▶ EXERCISE INSTRUCTIONS: Everything from the line with "iron man tony" down to the line with "Pack Tablet: iPad Air (3 unidades)" below must be printed exactly, those two lines included. Exclude pictures.

▶ DATASET EXCERPTS:
________________________
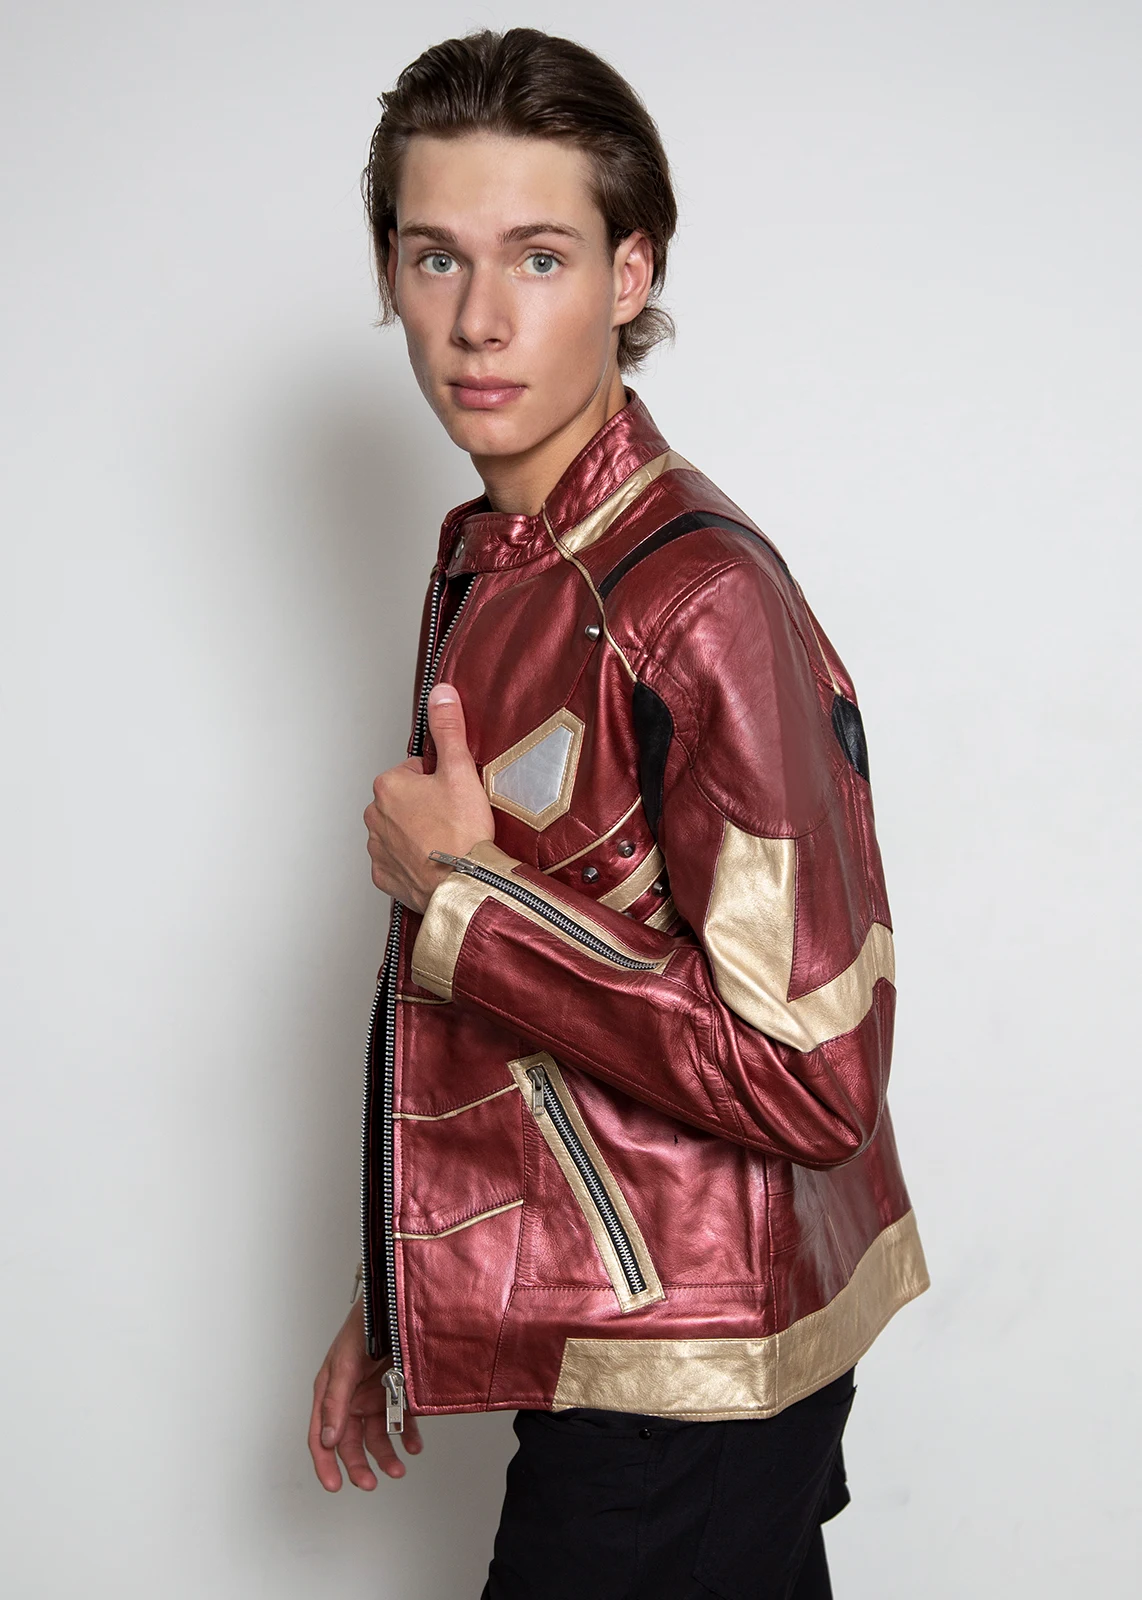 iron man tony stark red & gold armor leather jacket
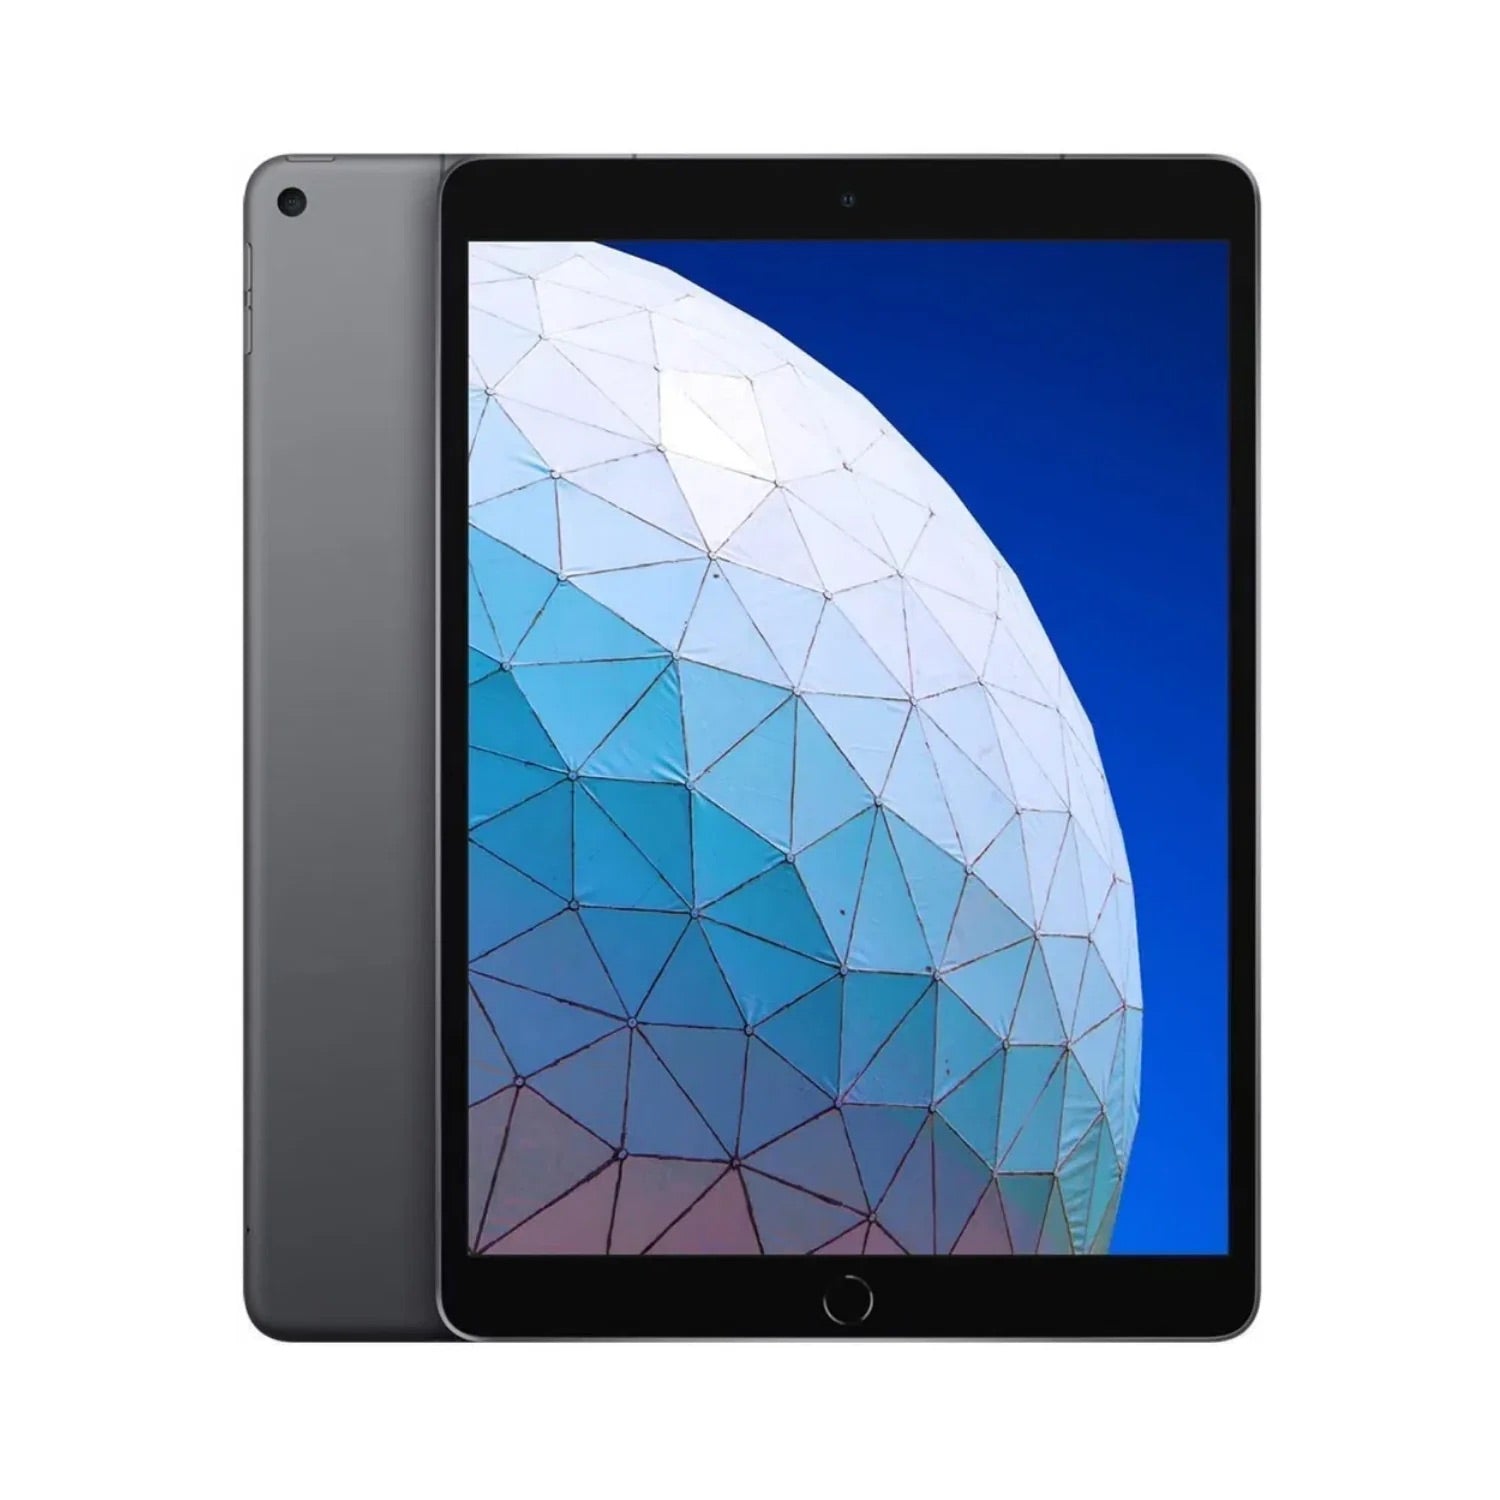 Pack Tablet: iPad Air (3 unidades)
________________________
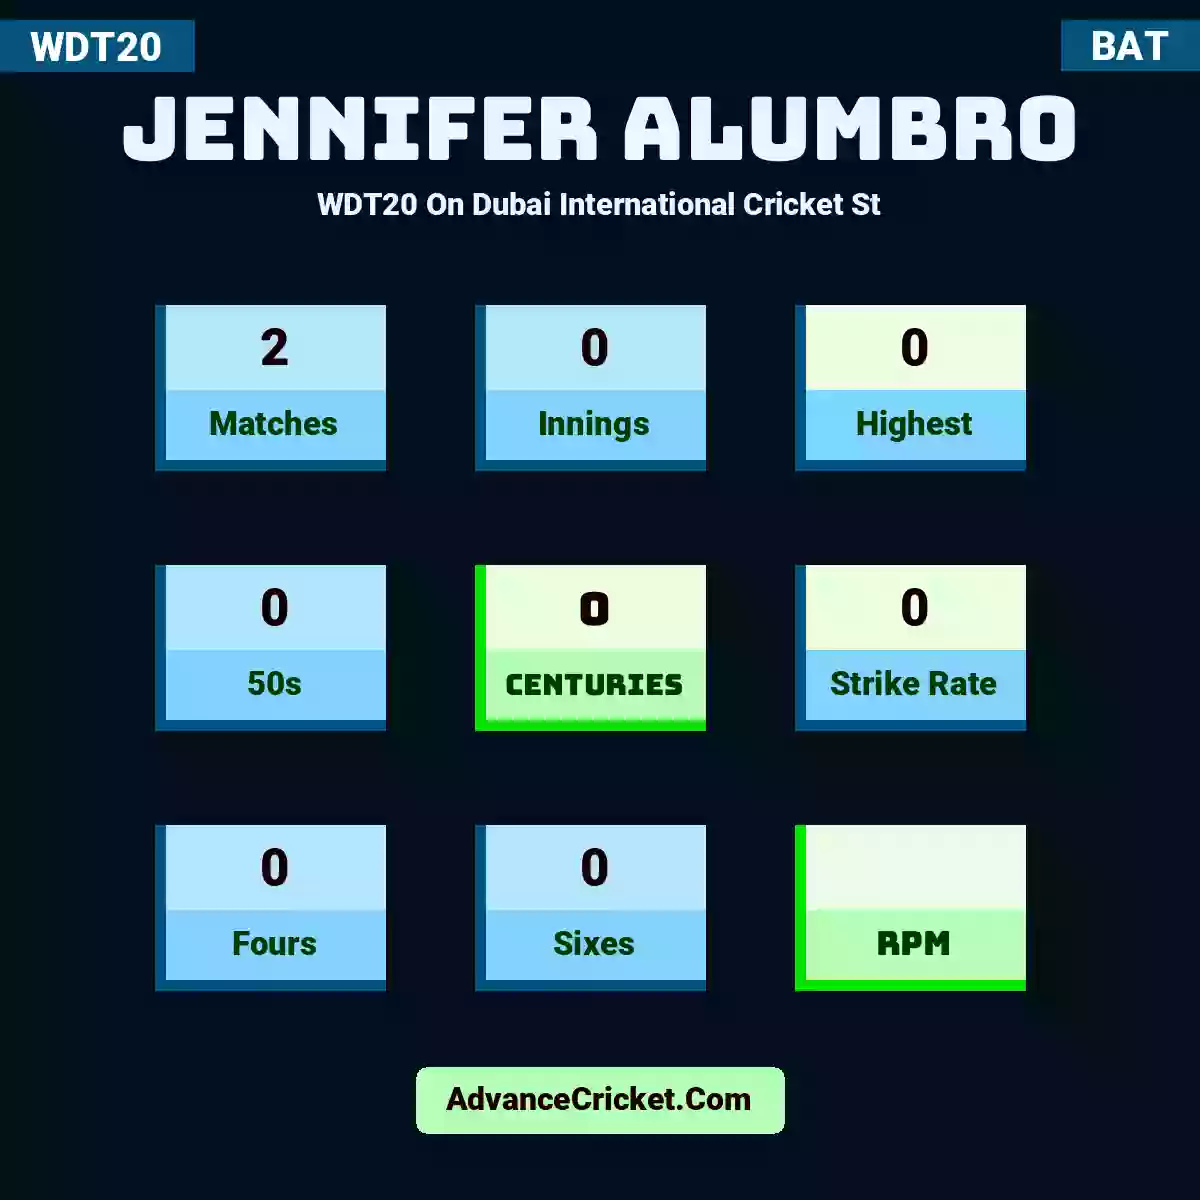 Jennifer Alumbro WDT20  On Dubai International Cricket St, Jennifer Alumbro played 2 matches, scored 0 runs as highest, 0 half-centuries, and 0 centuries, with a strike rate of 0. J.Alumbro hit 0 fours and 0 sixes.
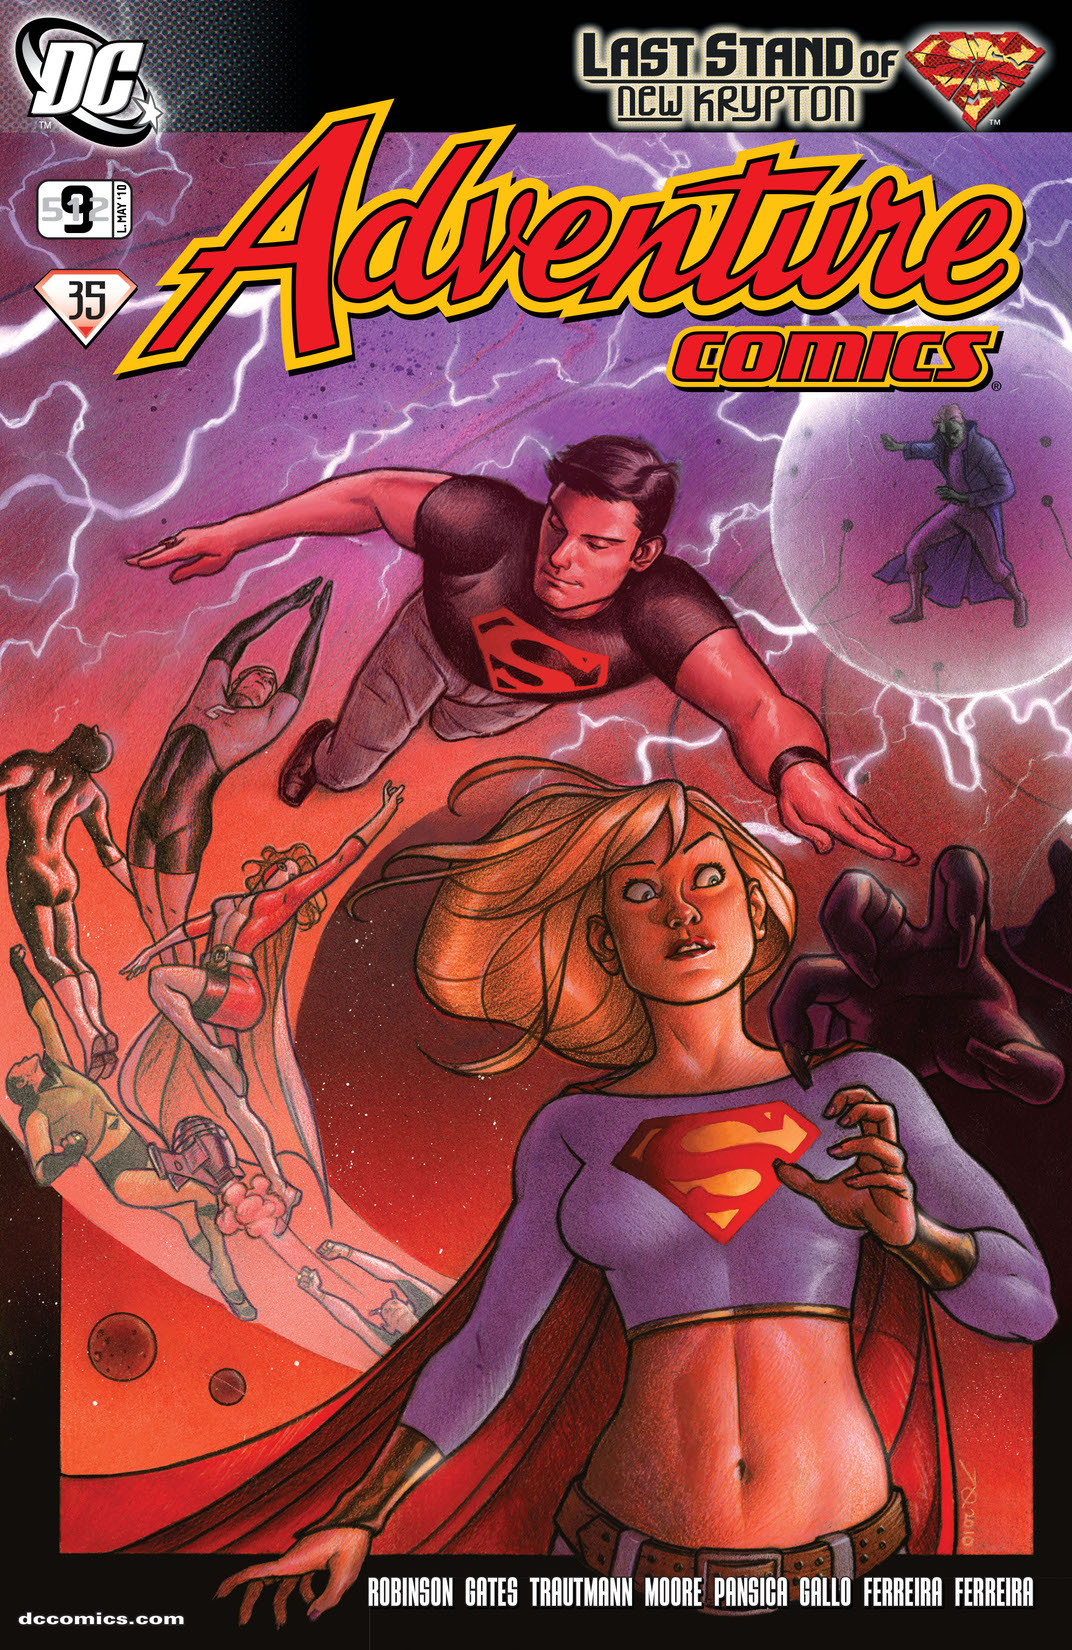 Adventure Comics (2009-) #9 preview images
________________________
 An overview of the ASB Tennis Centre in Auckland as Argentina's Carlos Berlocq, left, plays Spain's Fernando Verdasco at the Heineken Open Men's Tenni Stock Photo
________________________
▶ OUTPUT FOR THIS EXERCISE:
 iron man tony stark red & gold armor leather jacket
 Pack Tablet: iPad Air (3 unidades)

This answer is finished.